# Computer Upgrades



## wwe9112 (May 31, 2009)

I have a Acer Aspire M3470g, all stock and I have been wanting to start to upgrade the computer and make it my own. I have 4 gigs of ram and thought about upgrading to 16 gigs (cheapest upgrade I would assume) but i was looking at the Crucial management thing and seen that it only will accept 8 gigs? Why is that if the system is 64 bit. I then thought about a combo of a new CPU and obviously PSU however I am unsure what would be the best upgrade that a budget could give me lol. I'm not a gamer really outside maybe Civilization two or three nights a year so I'm not really worried about a new graphics card. I know SSD's are available and are coming down in price; I thought about one of those when I get my income taxes back. So does anyone have any tips?

Thanks. 

This is cross posted to help me learn more and gain more information. This sub-forum was the closest I could find for a semi-multidimensional question. Thank you.


----------



## Masterchiefxx17 (Feb 27, 2010)

A CPU upgrade would be pointless on an OEM system. As any new processor would require a new motherboard.

Your PC can run up to 16GB of memory. Crucial sells them in 4GB sticks to reach 8GB. You could go for a new kit to get to 8GB.

As for the SSD, I'm not sure how much you really wish to spend on this OEM system.


----------



## DBCooper (Jun 11, 2010)

Hi wwe9112,

You said that you would like to upgrade your computer to 16GB of memory. My question is, do you really need 16GB of memory? If you don't mind me asking, what do you do with your computer? Do you just surf the web? Do you play games?

If just surfing the web, checking e-mail, facebook, watching movies and listening to music, then 4GB is more than enough.


----------



## wwe9112 (May 31, 2009)

I'm a software engineer major. I typically have many applications open at the same time. My memory usage is generally between 60-80% at 4 gigs unfortunately. 

So, perhaps I should just build my own system? I'm just not looking forward to spending 500+ dollars when tuition is through the roof, classes cost out the butt lol.


----------



## wwe9112 (May 31, 2009)

I may go ahead and try to make my own system. I came out with this custom build to start; then upgrade as time goes on.

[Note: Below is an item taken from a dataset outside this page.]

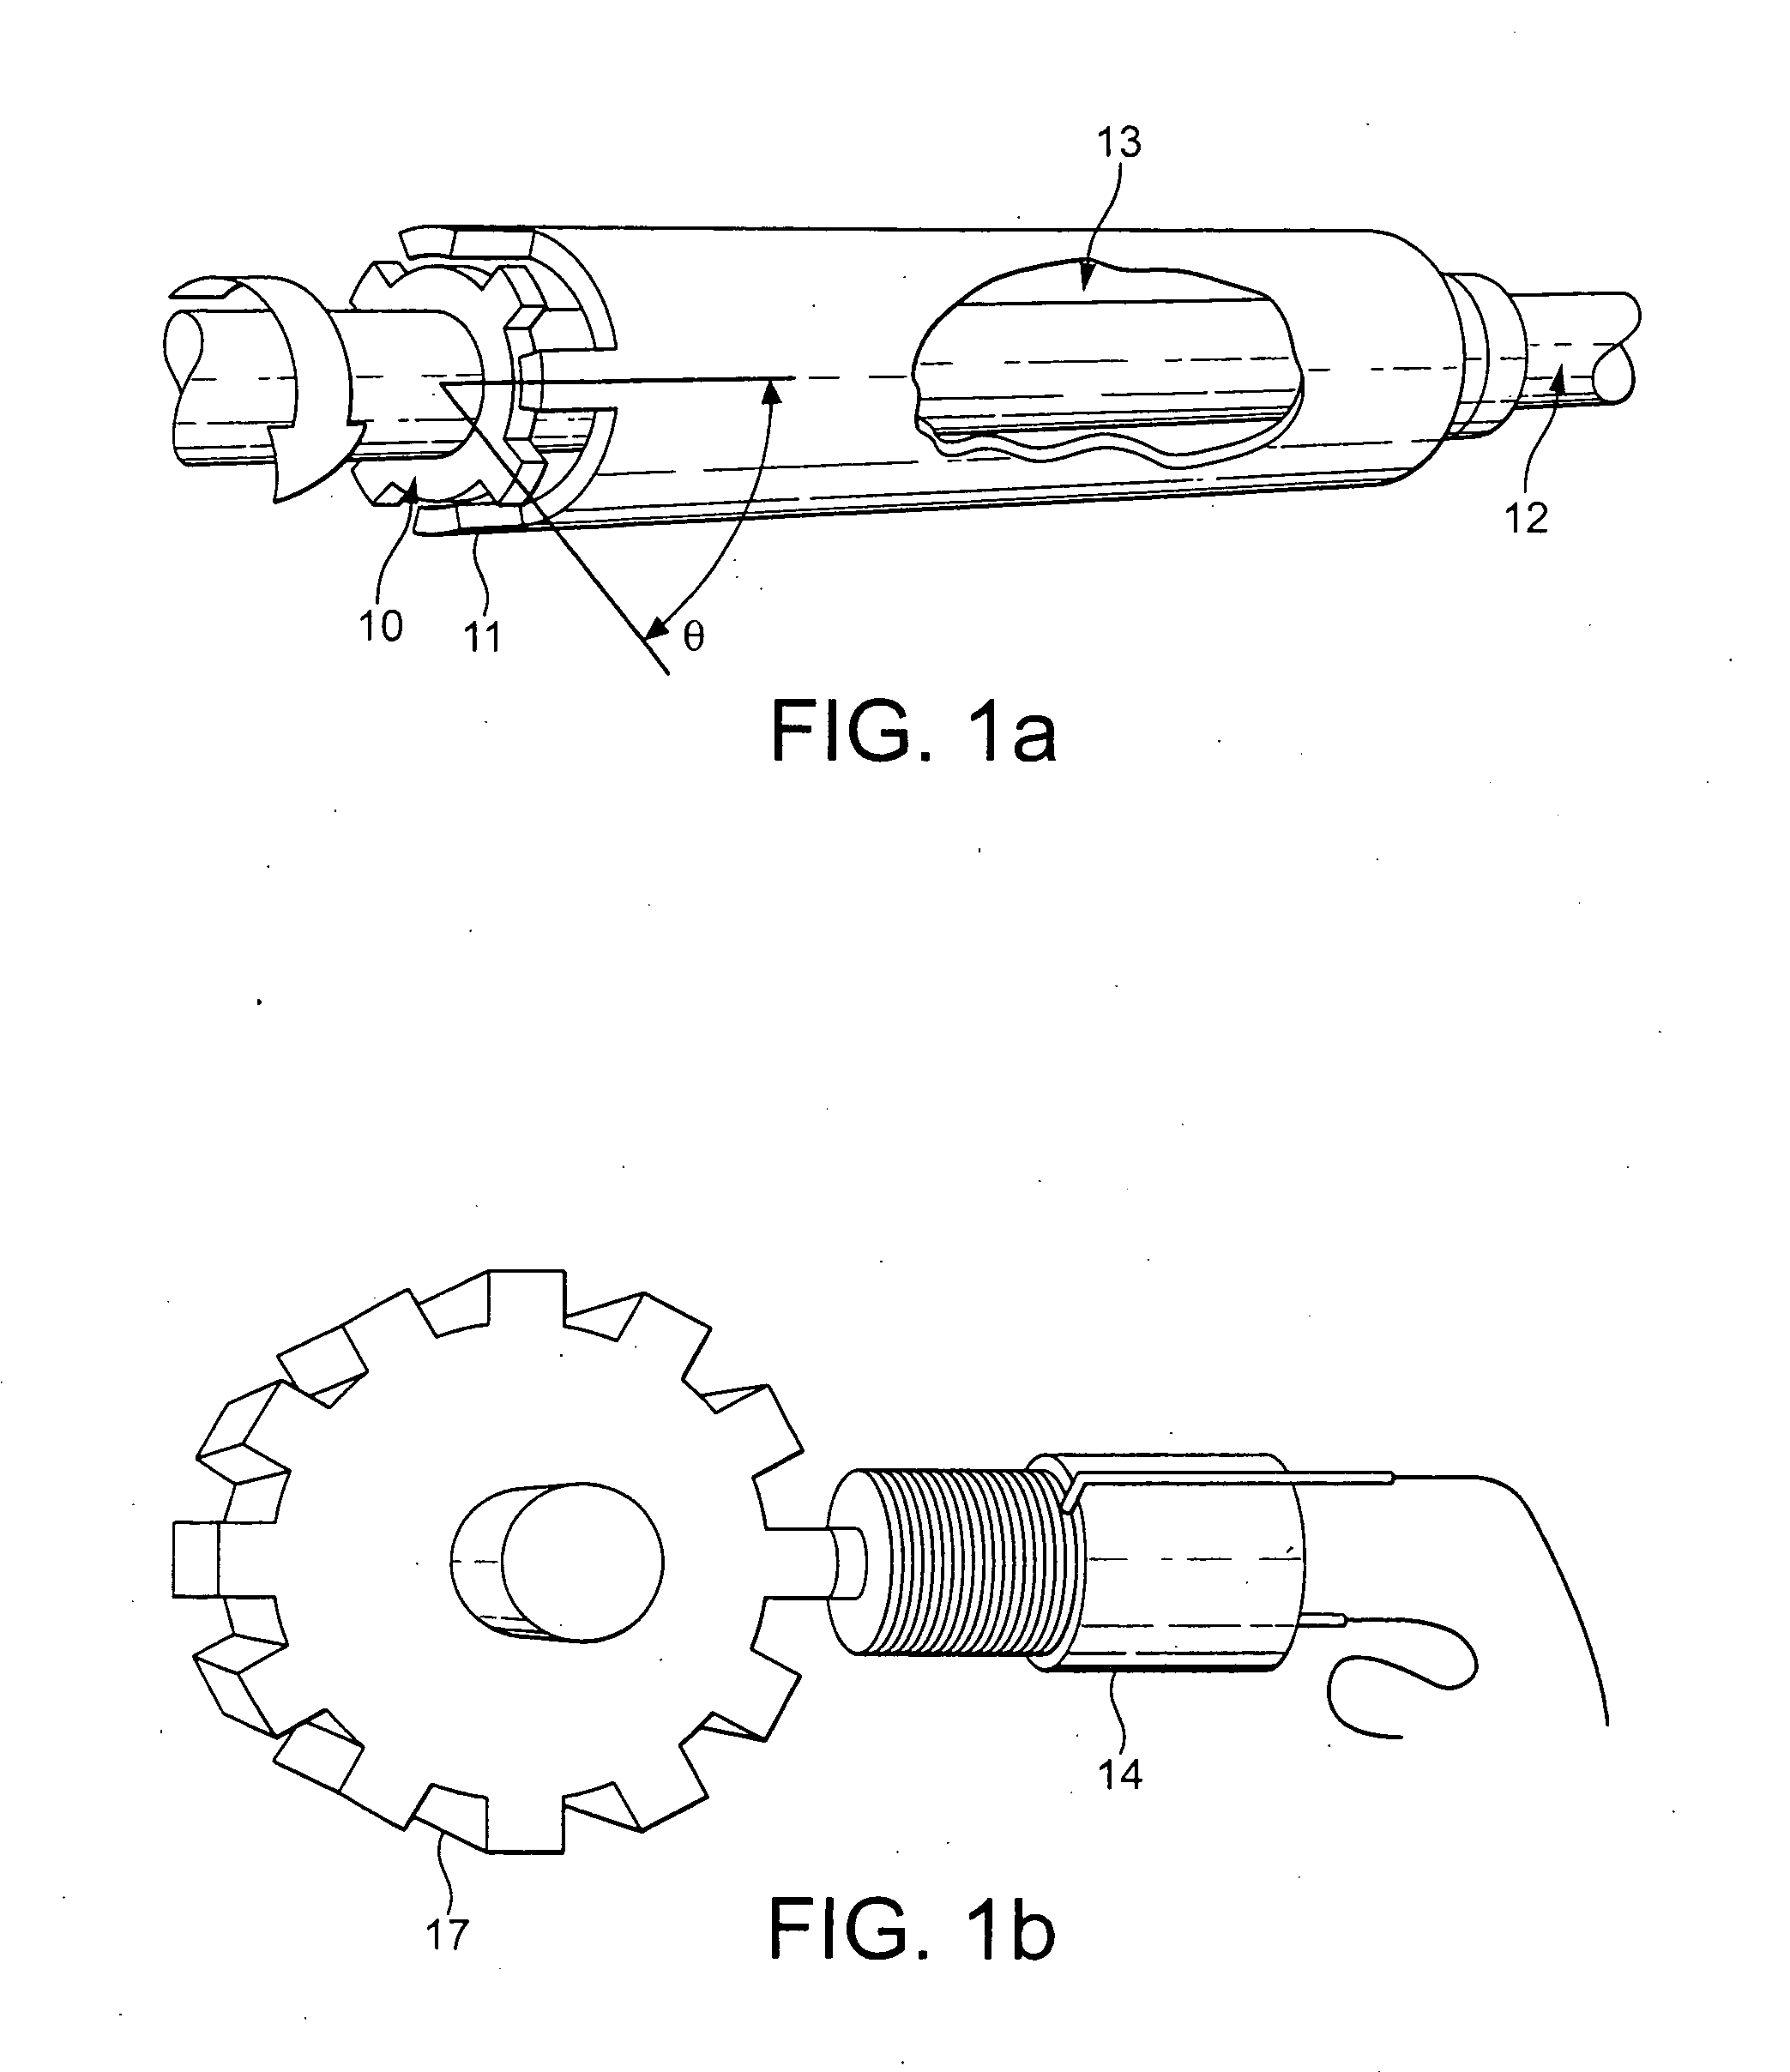 Speed or torque probe for gas turbine engines

I'm not a hardware kind-of-guy. So do you think you could tell me if it would work; give recommendations, maybe tips, and if it will work? Perhaps there is better options than what I have found, or cheaper but better components. I'm not buying an OS, I'll use my version of Windows I got from Dreamspark through the school. Same with my burners and such which is why I didn't "get" them yet. I haven't bought anything yet, still seeing what you guys say lol. 

DIYPC Gamemax-W White Dual USB 3.0 ATX Mid Tower Gaming Computer Case with Build-in 5 x Blue Fans (2 x 120mm LED Fan x Top, 2 x 120mm LED Fan x Front, 1 x 120mm LED Fan x rear), Water Cooling Ready
http://www.newegg.com/Product/Produc...82E16811353059


ASUS M5A97 AM3+ AMD 970 SATA 6Gb/s USB 3.0 ATX AMD Motherboard with UEFI BIOS
http://www.newegg.com/Product/Produc...2E16813131767R

CORSAIR HX series HX650 650W ATX12V v2.2 / EPS12V 2.91 SLI Ready 80 PLUS GOLD Certified Modular Active PFC Power Supply
http://www.newegg.com/Product/Produc...82E16817139012

G.SKILL Sniper Series 8GB (2 x 4GB) 240-Pin DDR3 SDRAM DDR3 2133 (PC3 17000) Desktop Memory Model F3-17000CL11D-8GBSR
http://www.newegg.com/Product/Produc...82E16820231519

AMD FX-6300 Vishera 6-Core 3.5GHz (4.1GHz Turbo) Socket AM3+ 95W Desktop Processor FD6300WMHKBOX
http://www.newegg.com/Product/Produc...82E16819113286


----------



## Wrench97 (May 10, 2008)

Are you planing on using a video card in the future?
If not then you can go with a much smaller PSU and possibly a Matx motherboard and smaller case.


----------



## Masterchiefxx17 (Feb 27, 2010)

If you want to build your own system, then I would highly recommend following our guide here:

http://www.techsupportforum.com/forums/f255/tsf-hardware-teams-recommended-builds-2014-a-668661.html

---

About your build:

Change the PSU to a better brand. Either XFX or Seasonic will do. Like Wrench said, if you're not getting a GPU then I'd stick with a 550W.

Change the memory speed to 1866MHz if you're going for an AMD build. Don't go over 1866MHz though.


----------